Multi-agent AI Methods

With the development of AI-enabled computational methods, multi-agent deep reinforcement learning (MADRL) is proposed and has attracted much attention. In fact, MADRL is regarded as a promising and worth exploring direction, which provides a novel way to investigate the unconventional DRL situations including swarm intelligence, unstable environments for each agent, and innovation of agent itself. MADRL not only makes it possible to explore distributed intelligence in multi-agent environments, but also contributes to learn a near-optimal agent policy in the complicated large-scale smart grid. To this end, it is necessary to analyze interactions among multi-agents and promote the application of MADRL in smart grid dispatch domain.

12.2.2.5

Federated Learning Combined AI Methods

The concern regarding smart grid security and privacy is one of the main oppositions to smart grid forecast and dispatch. However, extensive previous research about applications of DRL in smart grid mainly belong to the centralized method, which are vulnerable to cyberattack and privacy leakage.
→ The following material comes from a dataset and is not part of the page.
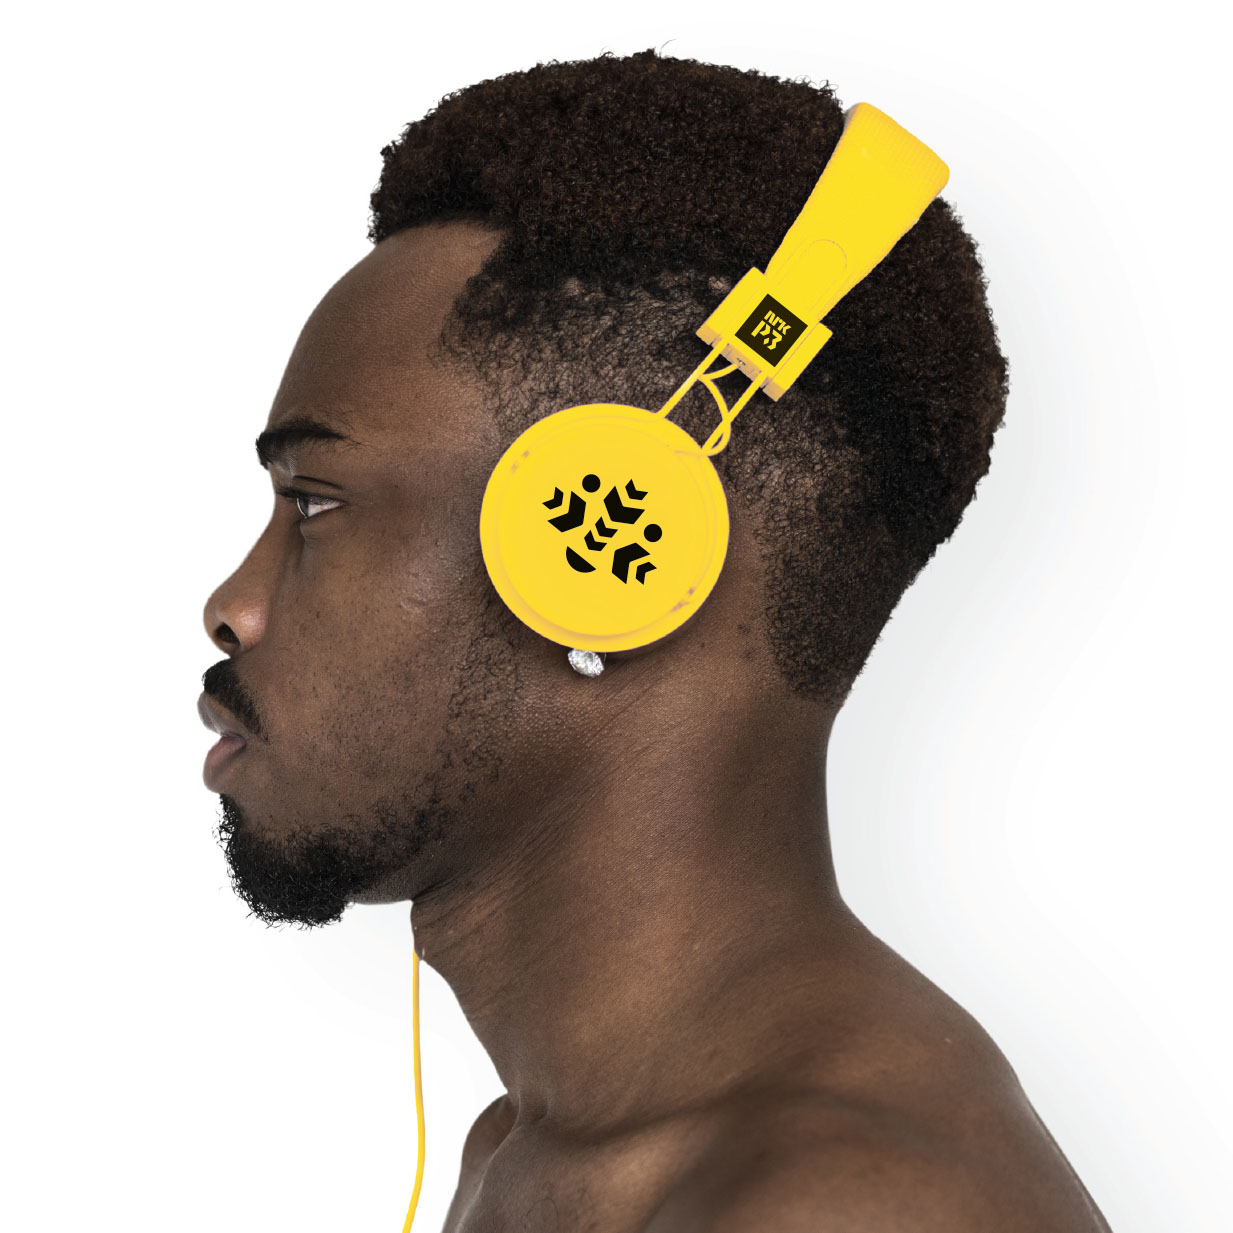 Bilde av hodetelefoner på en mann, med P3 logo

To this end, federated learning is combined with DRL to meet the requirements of privacy preservation and network security. Actually, federated learning enables multiple agents to coordinately learn a shared decision model while keeping all the training data on device, thus preventing the risk of privacy leakage. What is more, the decentralized structure of federated learning offers a promising technique to reduce the pressure of centralized data storage. Therefore, it is meaningful to investigate the combination between federated learning and other AI methods in the smart grid dispatch field.